Duration of a floating rate bond

Question

It is known that the price $p_t$ of a floating rate bond can be calculated discounting $(L+k)$ the sum of the next coupon payment $k$ and the face value $L$ at the relevant risk-free rate.

Hence, with continuous compounding the price of such a bond would be $$p_t=(L+k)e^{-rt}$$ where $r$ is the annual continuous risk-free rate for the period of time that divides us from the first payment and $t$ is its length.

If we want to know how the price changes when $r$ changes we just derive the price to get $$\frac{\partial p_t}{\partial r}=-p_t\cdot t$$

So, does it make sense talking about duration of a floating rate bond? Isn't it enough to refer to the derivative computed above? How could the notion of duration be applied in such a situation where we do not know future cash flows?

Thank you in advance.

Answer 1

Yes. the duration of a floating rate bond is the time t until the next coupon payment, as your equation shows.
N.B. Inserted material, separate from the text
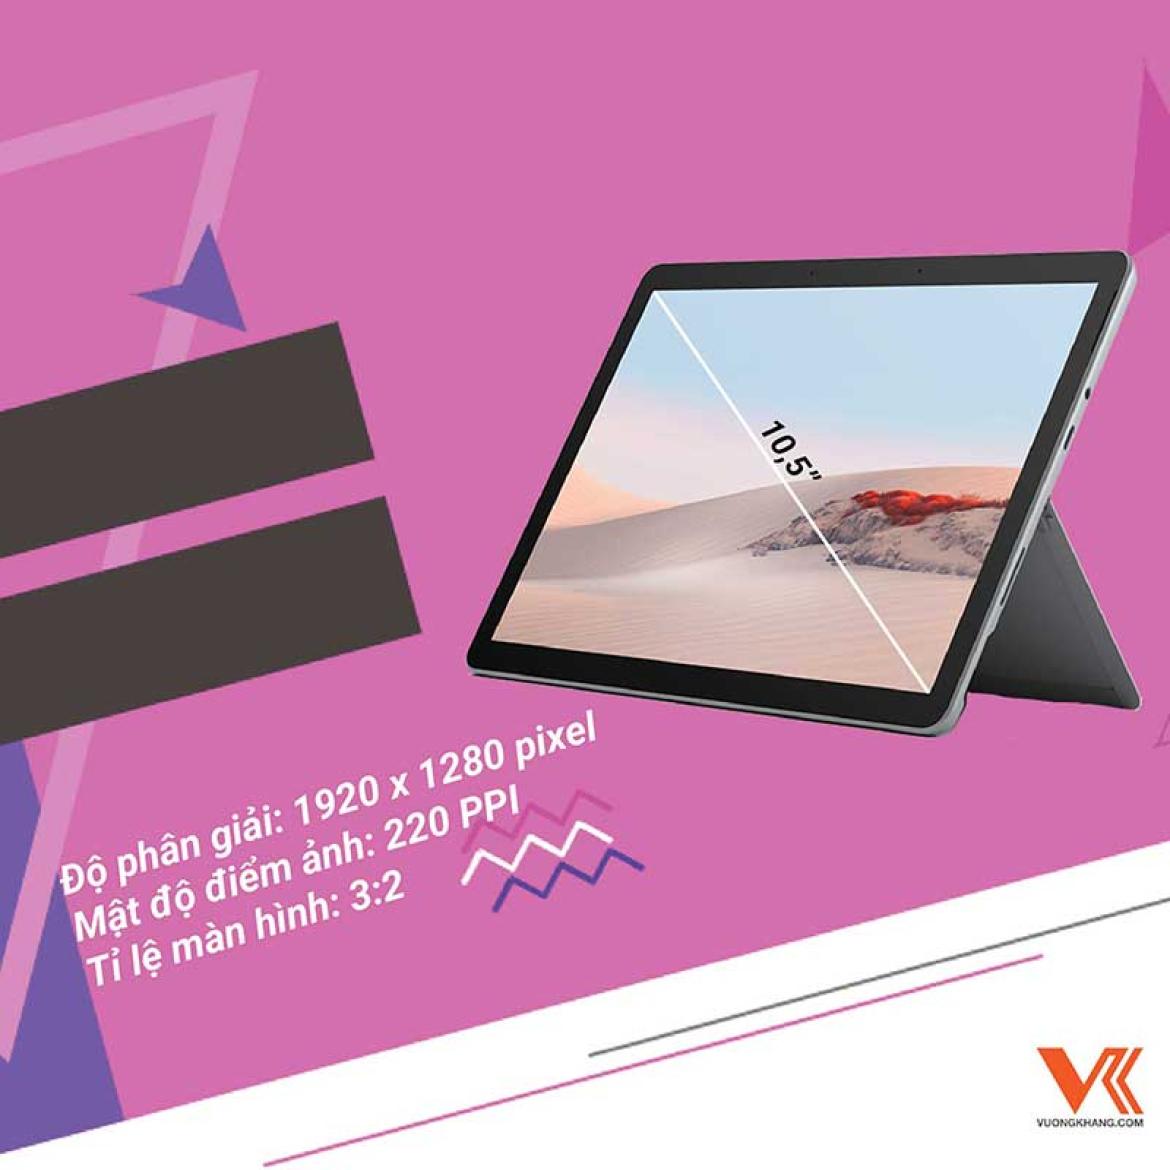 Tổng quan về chiếc tablet nhỏ nhất của Microsoft - Surface Go 2 mới ra mắt 2020

The payments that come after are not known yet and will be determined based on interest rates then prevailing, so they carry no duration risk.

In general floating rate bonds are what people buy when they want the smallest duration possible. Long term ZCB are what people buy when they want the longest possible duration.

Answer 2

Yes it does make sense.

As your equation correctly point out that only the next coupon is exposed to the yield curve changes, the bond price should be sensitive to the yield corresponding only to the next coupon.

The duration of the bond will be approximately $-t = \frac{-p_t \cdot t}{p_t}$.

Approximately because your derived equation gives a change in price for an infinitesimal yield change. A floating rate bond's duration is given by $e^{-\delta r \cdot t}-1$.